MATERIAL FOR THIS EXERCISE =>
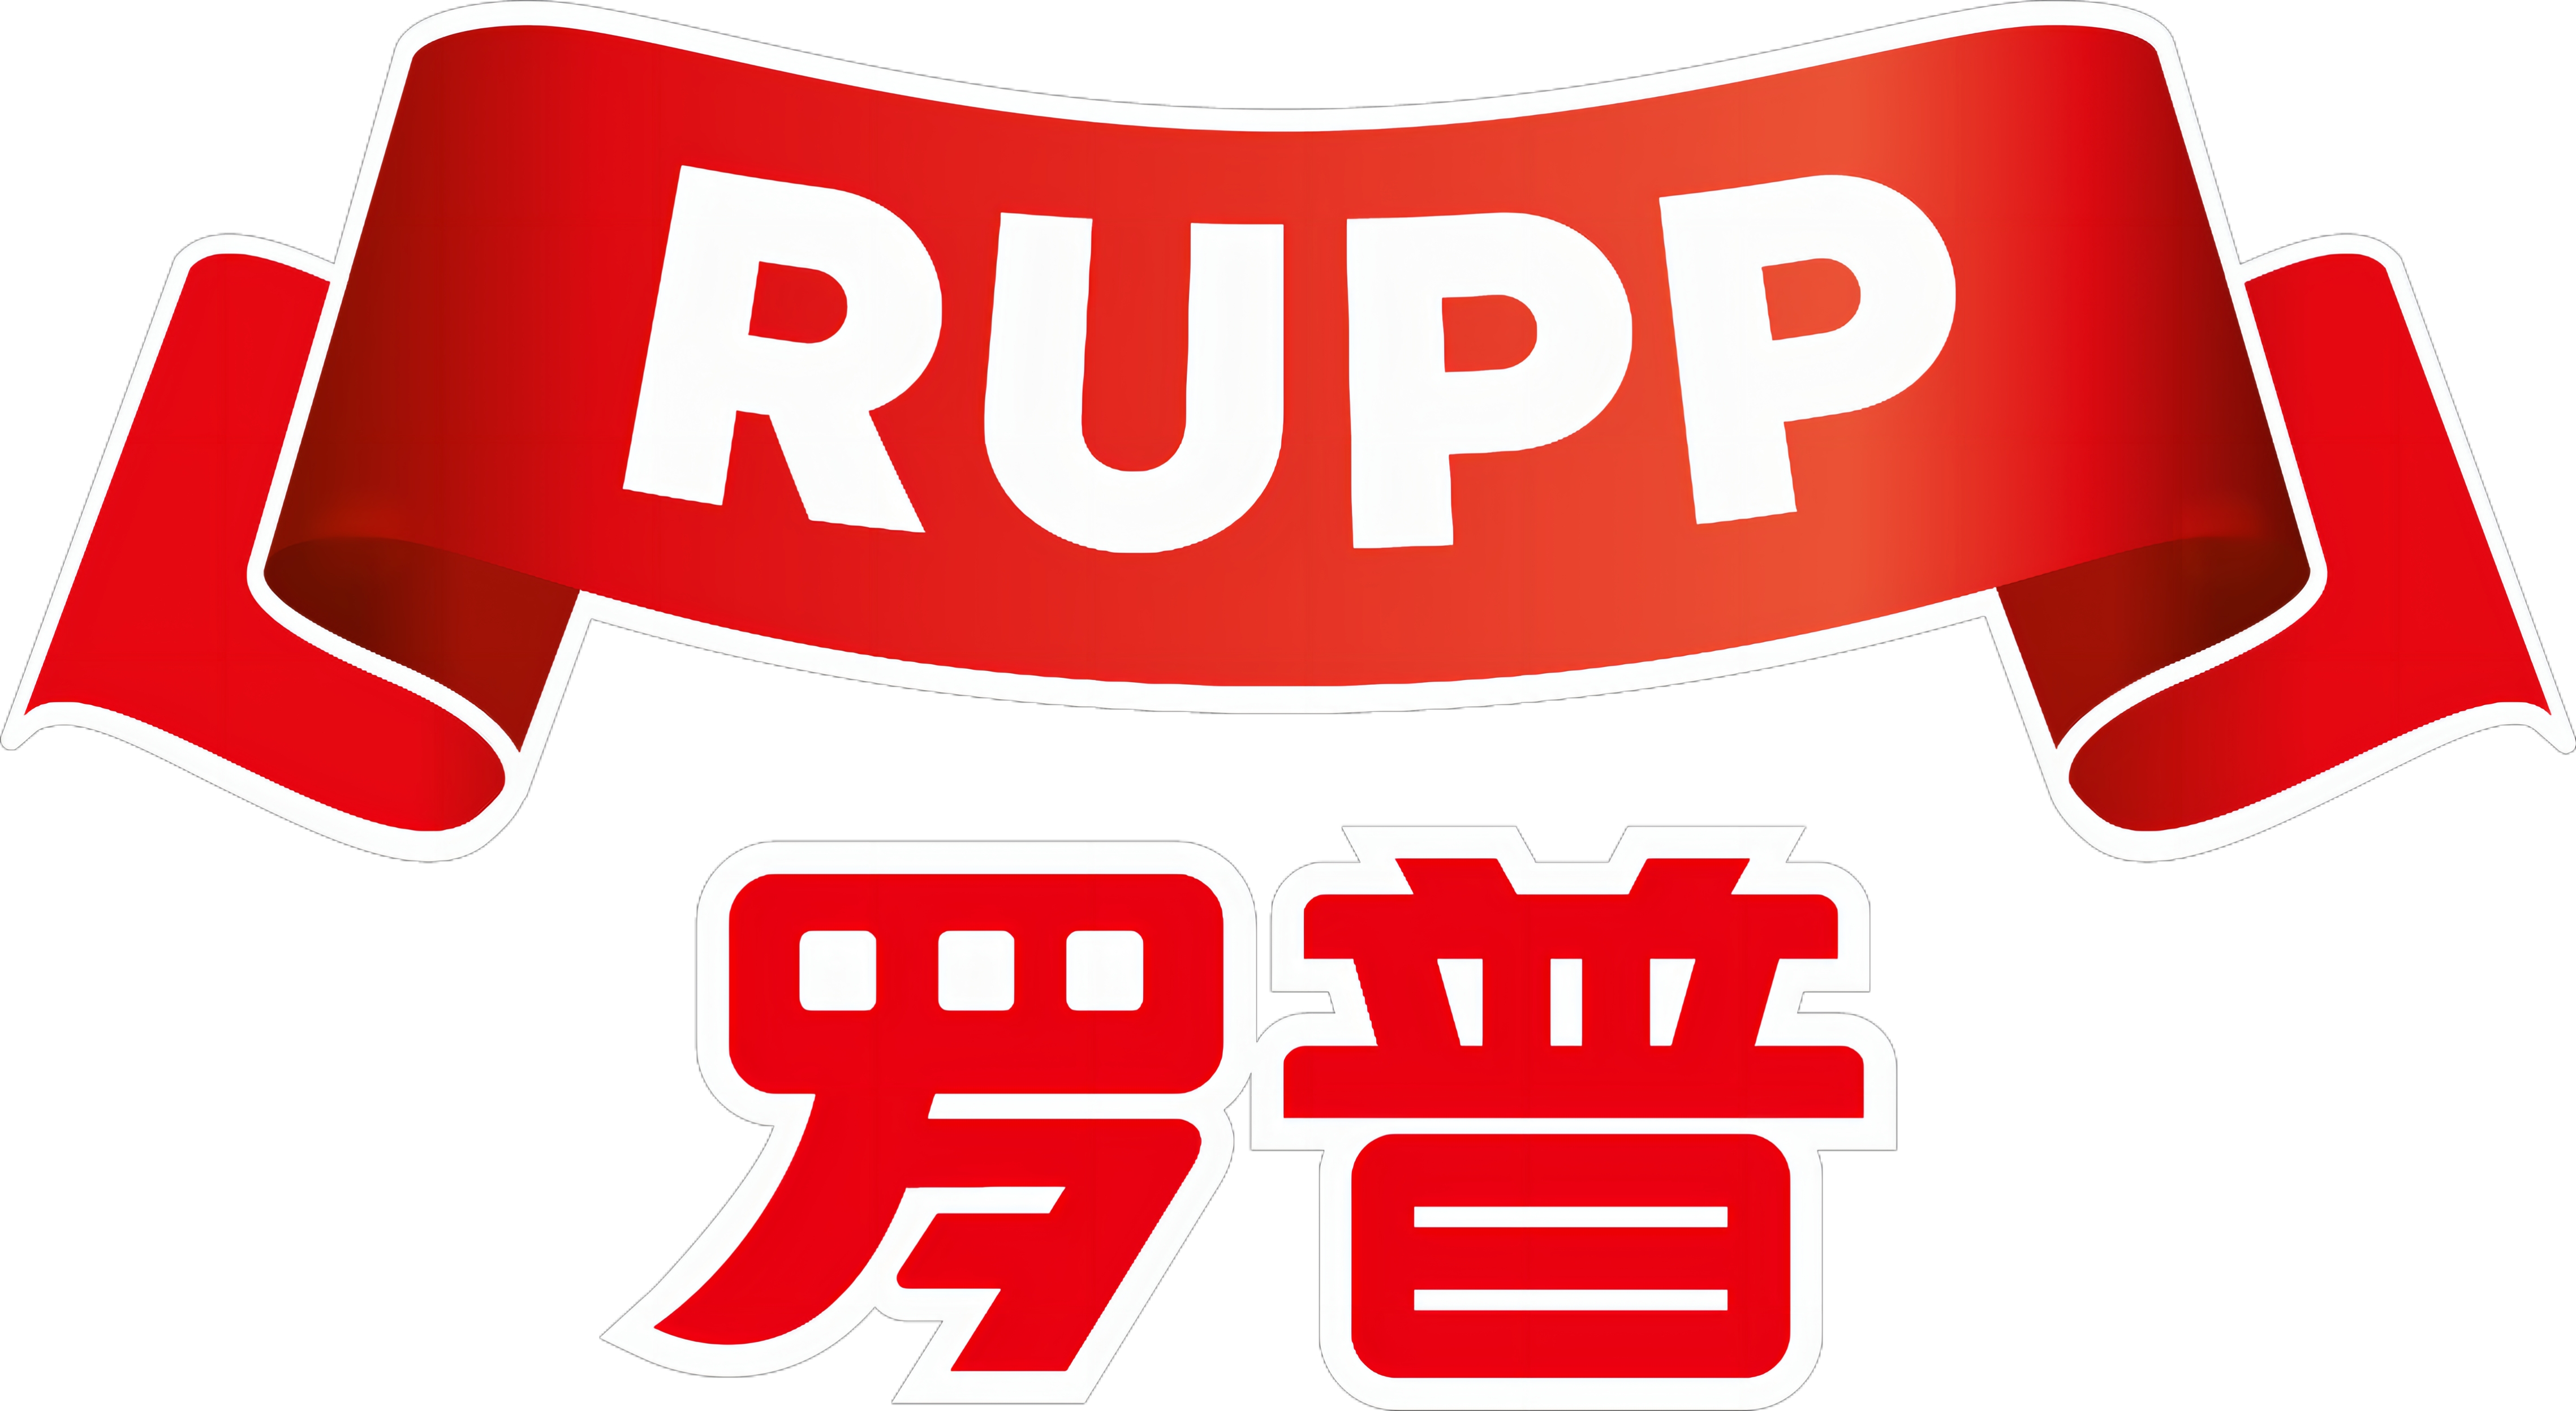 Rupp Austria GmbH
---
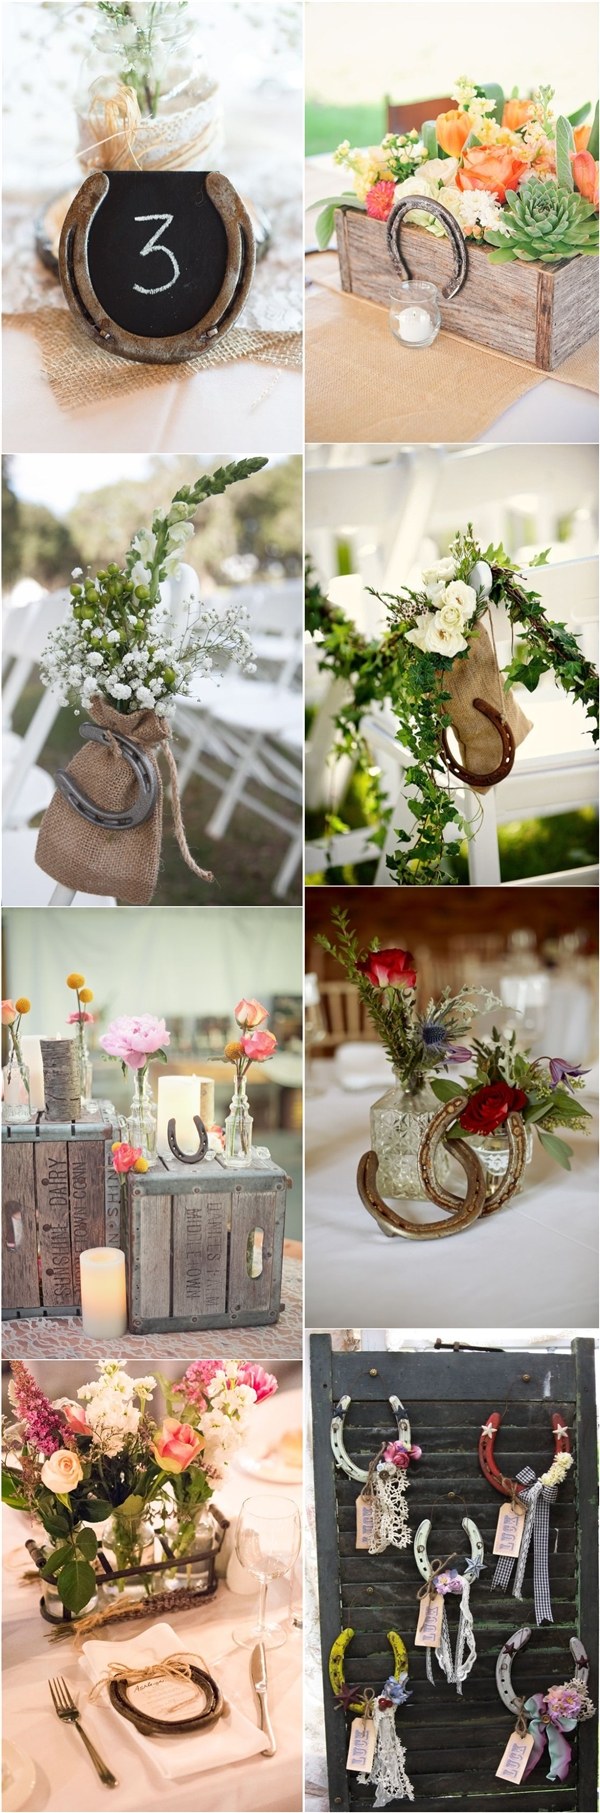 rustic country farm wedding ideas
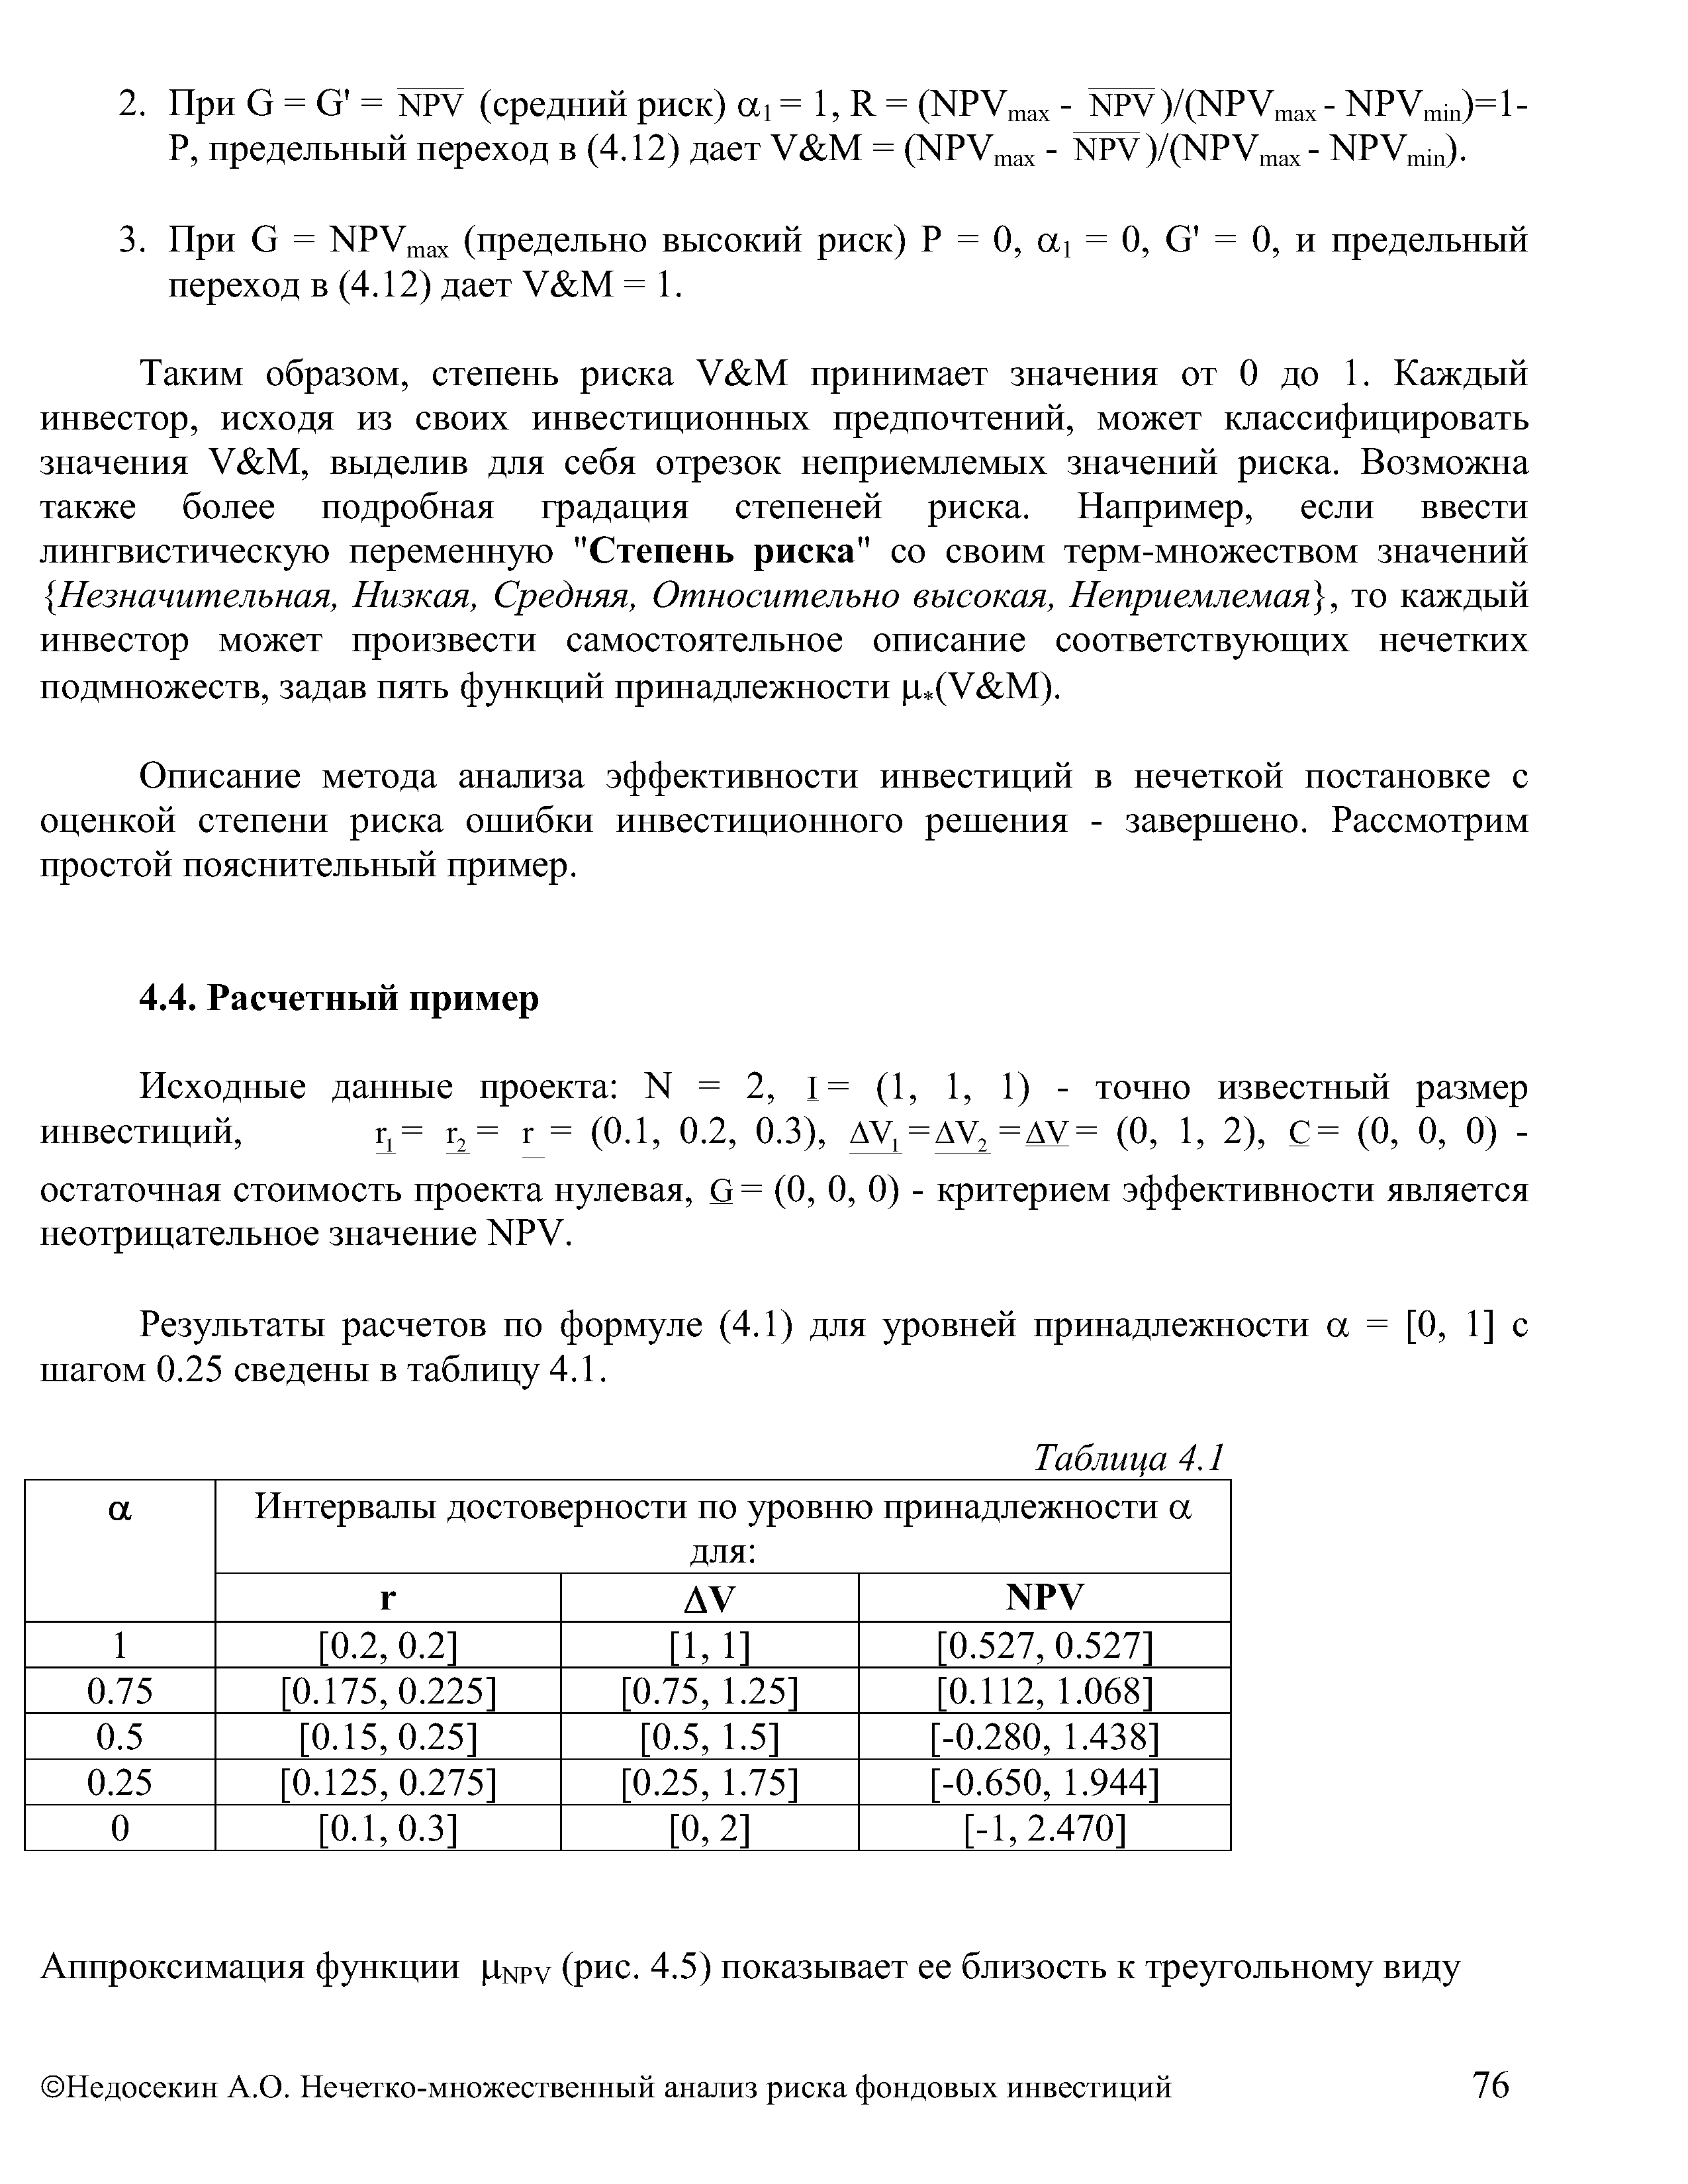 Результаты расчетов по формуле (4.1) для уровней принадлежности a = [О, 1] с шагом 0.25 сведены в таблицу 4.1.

WORK ORDER => Among the entries above, take the line with "rustic country farm wedding ideas", the line with "Результаты расчетов по", and all the lines between them, and restate them word for word without pictures.

TASK SOLUTION =>
 rustic country farm wedding ideas
 Результаты расчетов по формуле (4.1) для уровней принадлежности a = [О, 1] с шагом 0.25 сведены в таблицу 4.1.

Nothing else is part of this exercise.